The Problem That Started It All
We've all been there—drowning in documents scattered across emails, cloud drives, and local folders. Important information buried in PDFs, critical insights lost in meeting notes, and that one crucial document that you know exists but can't find when you need it most.
After experiencing this pain point repeatedly in my development work, I decided to build NeuroStash: an open-source knowledge management system designed to ingest, process, and intelligently extract information from document which can be self-hosted. But this isn't just another file storage solution—it's a production-ready system built with scalability, security, and developer experience in mind.
Project structure
NeuroStash
|- app/ # HTTP Endpoints and request/respones handler
|- core/ # Configuration and Database connection
|- dao/ # Data Access Objects - Database Operations
|- consumer/ # Asynchronous message processing
|- processor/ # Document processing pipeline
|- migrations # Database schema migrations
Database Schema Design: Multi-tenancy and Security First
- The core of NeuroStash lies in its carefully designed database schema that balances performance, security, and flexibility
Multi-tenant User Management
class UserClient(Base, TimestampMixin):
__tablename__ = "user_clients"
id: Mapped[int] = mapped_column(Integer, Identity(), primary_key=True)
email: Mapped[str] = mapped_column(String(255), nullable=False, unique=True)
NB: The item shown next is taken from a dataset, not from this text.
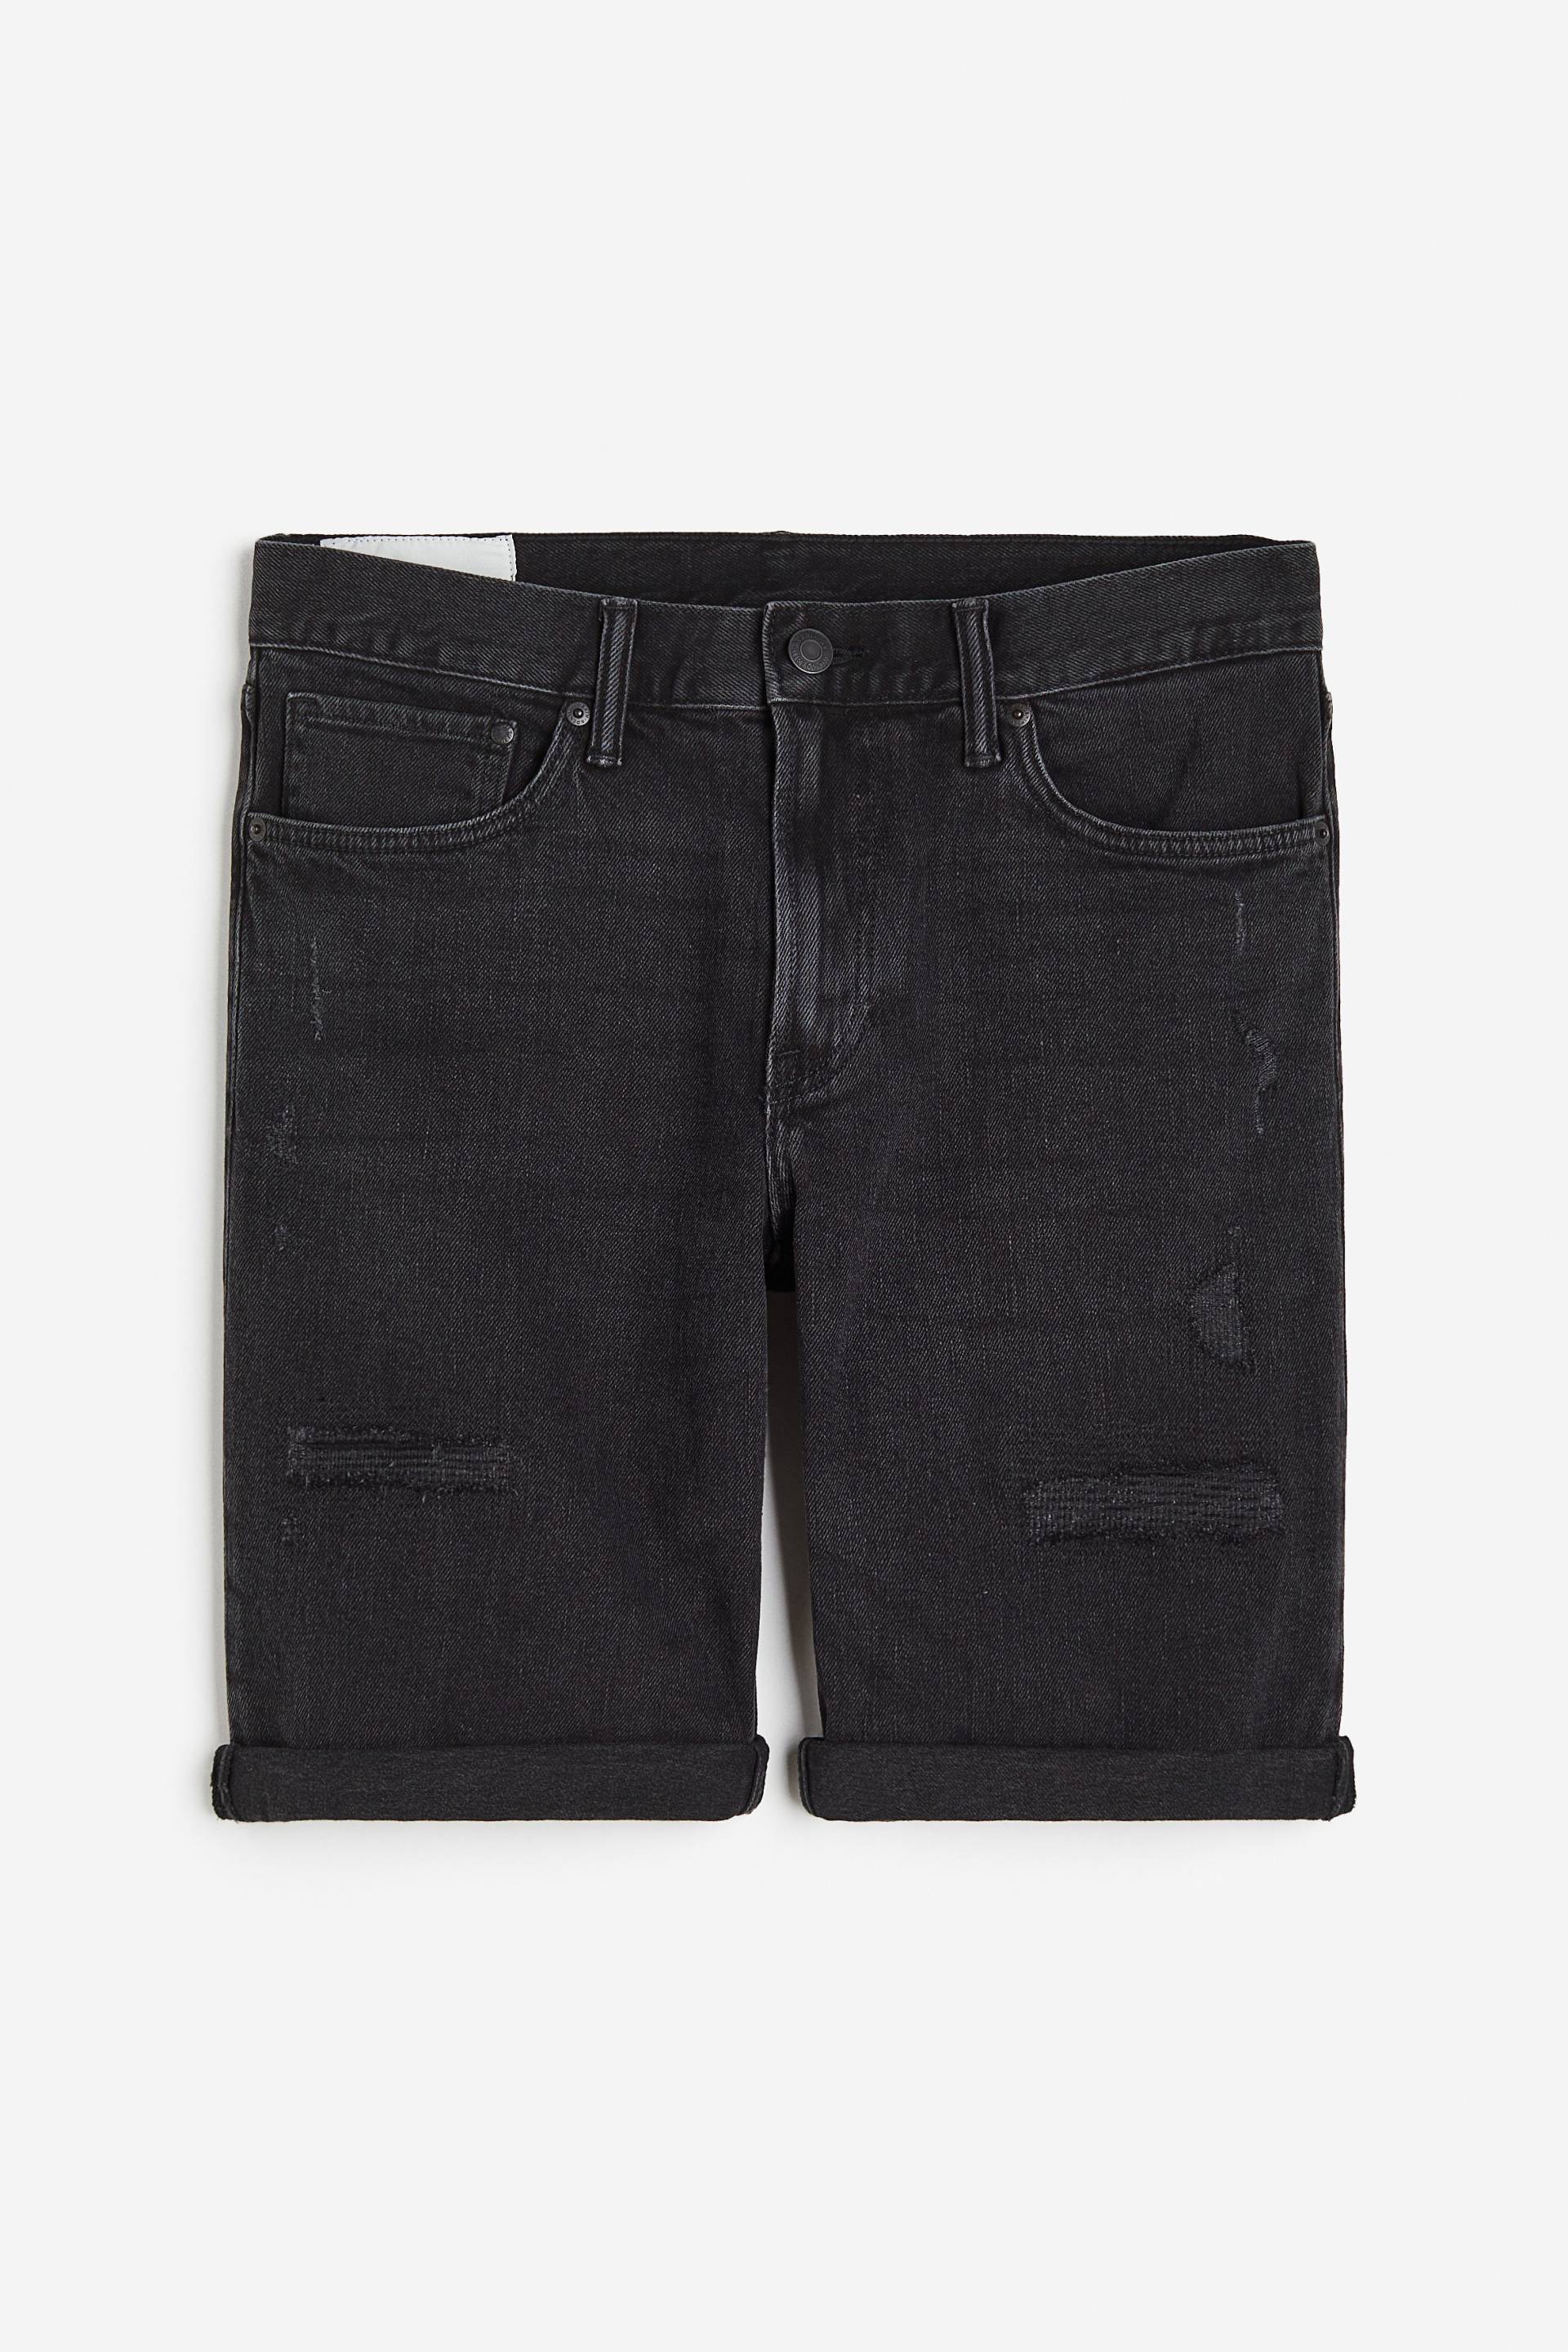 H&M Jeansshorts Regular Schwarz in Größe W 40. Farbe: Denim black von H&M

role: Mapped[ClientRoleEnum] = mapped_column(
SQLEnum(ClientRoleEnum, name="client_roles", create_type=False),
nullable=False
)
api_keys: Mapped[List["ApiKey"]] = relationship(
back_populates="user_client", cascade="all, delete-orphan"
)
documents: Mapped[List["DocumentRegistry"]] = relationship(
back_populates="user_client"
)
Document Lifecycle Management
class DocumentRegistry(Base, TimestampMixin):
__tablename__ = "documents_registry"
user_id: Mapped[int] = mapped_column(ForeignKey("user_clients.id"))
file_name: Mapped[str] = mapped_column(String(100), nullable=False)
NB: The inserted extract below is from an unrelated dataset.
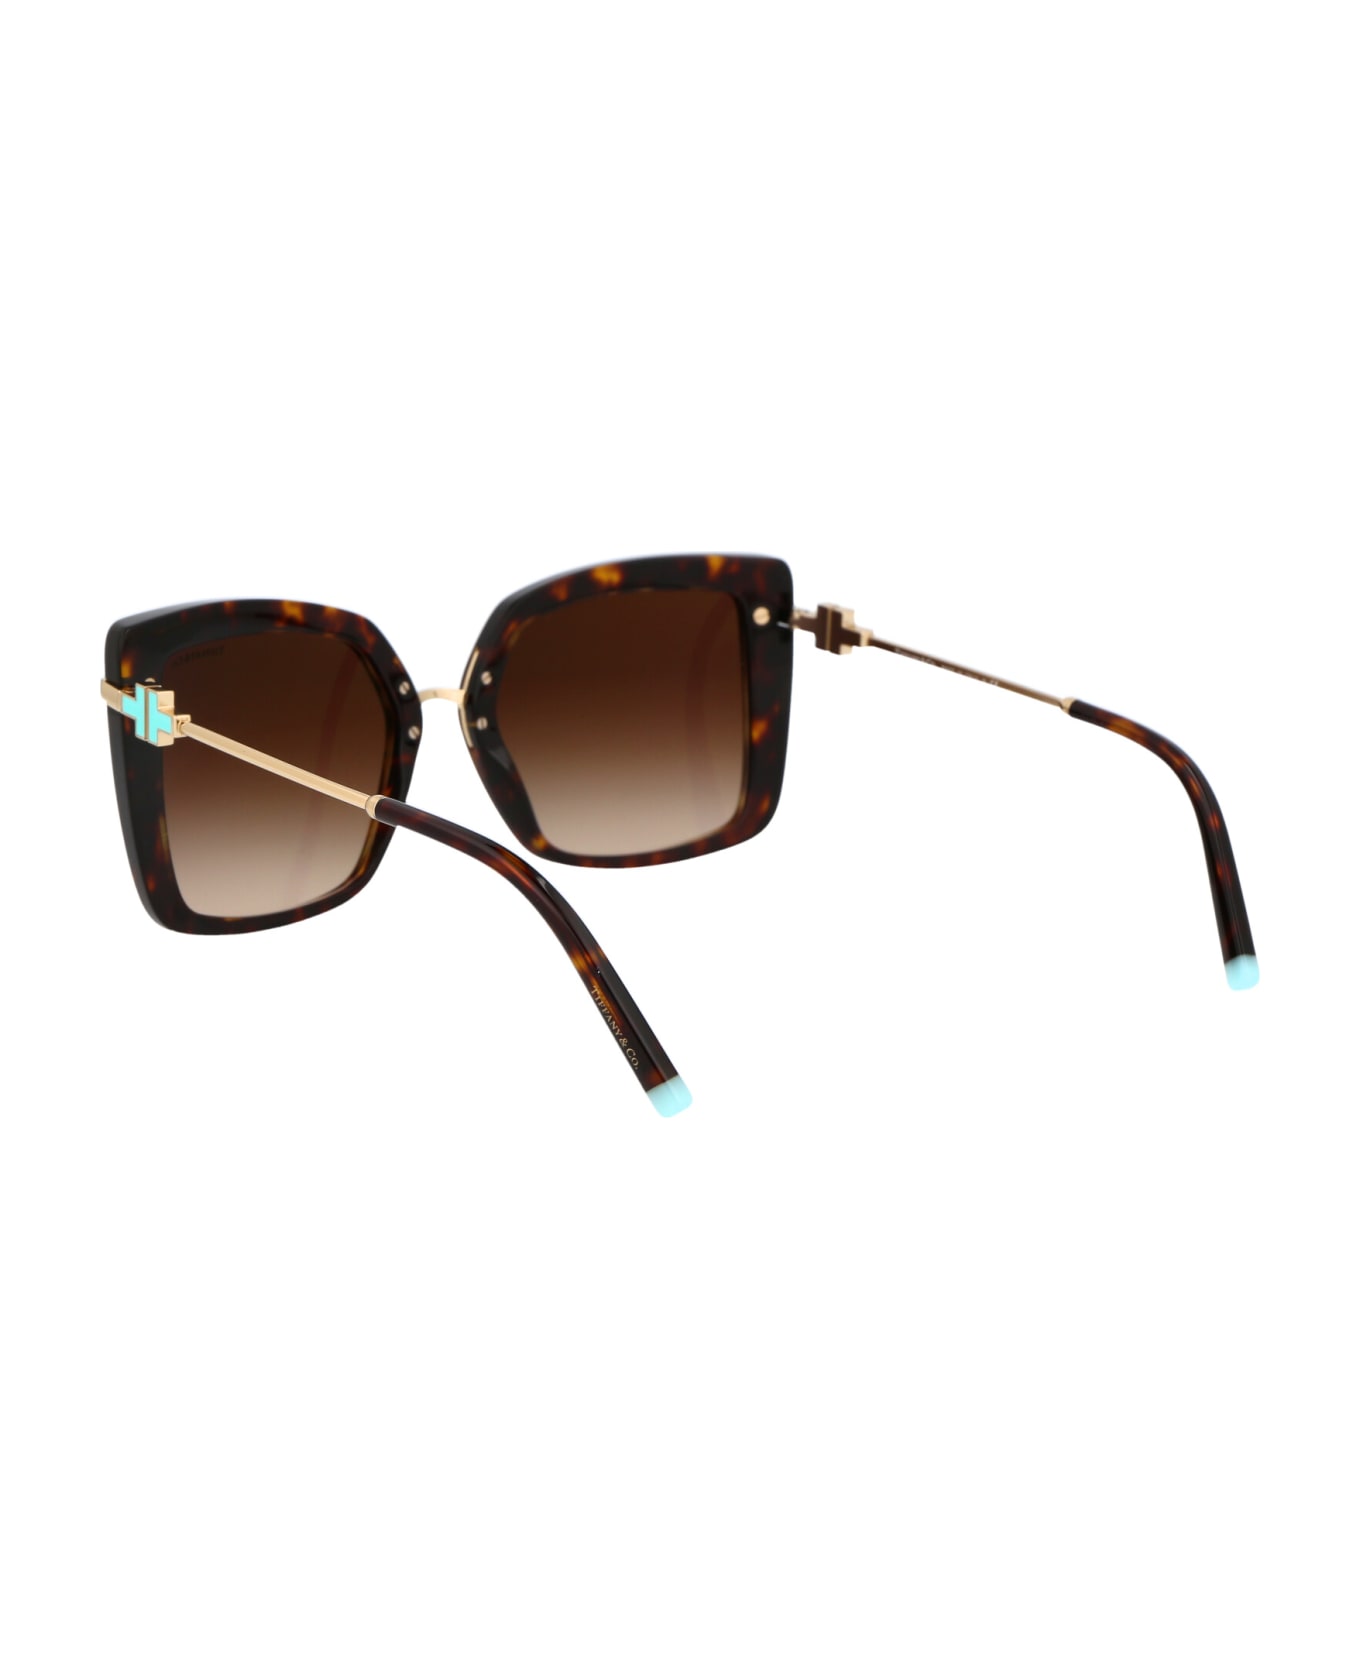 Tiffany & Co. 0tf4185 Sunglasses - 80153B Havana サングラス

object_key: Mapped[str] = mapped_column(String(150), nullable=False)
lock_status: Mapped[bool] = mapped_column(Boolean, nullable=False)
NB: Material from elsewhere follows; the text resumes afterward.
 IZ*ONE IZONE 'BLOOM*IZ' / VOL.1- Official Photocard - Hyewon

op_status: Mapped[OperationStatusEnum] = mapped_column(
SQLEnum(OperationStatusEnum),
nullable=False,
server_default=OperationStatusEnum.PENDING.value
)
__table_args__ = (
UniqueConstraint("user_id", "file_name", name="idx_unique_filename"),
Index("idx_file_registry_user_id", "user_id", "lock_status", "op_status"),
)
The
lock_status
field prevents concurrent processing of the same document, whileop_status
provides clear visibility into processing state.The compound index on
(user_id, lock_status, op_status)
enables efficient queries for finding document ready for processing
Encryption Key Management
class EncryptionKey(Base, TimestampMixin):
__tablename__ = "encryption_keys"
symmetric_key: Mapped[bytes] = mapped_column(LargeBinary, nullable=False)
is_active: Mapped[bool] = mapped_column(Boolean, server_default=text("false"))
expired_at: Mapped[Optional[datetime]] = mapped_column(TIMESTAMP(timezone=True))
__table_args__ = (
Index("idx_encryption_keys_active", "id", postgresql_where=Column("is_active")),
)
- The partial index on active keys ensures lightning-fast lookups for current encryption keys.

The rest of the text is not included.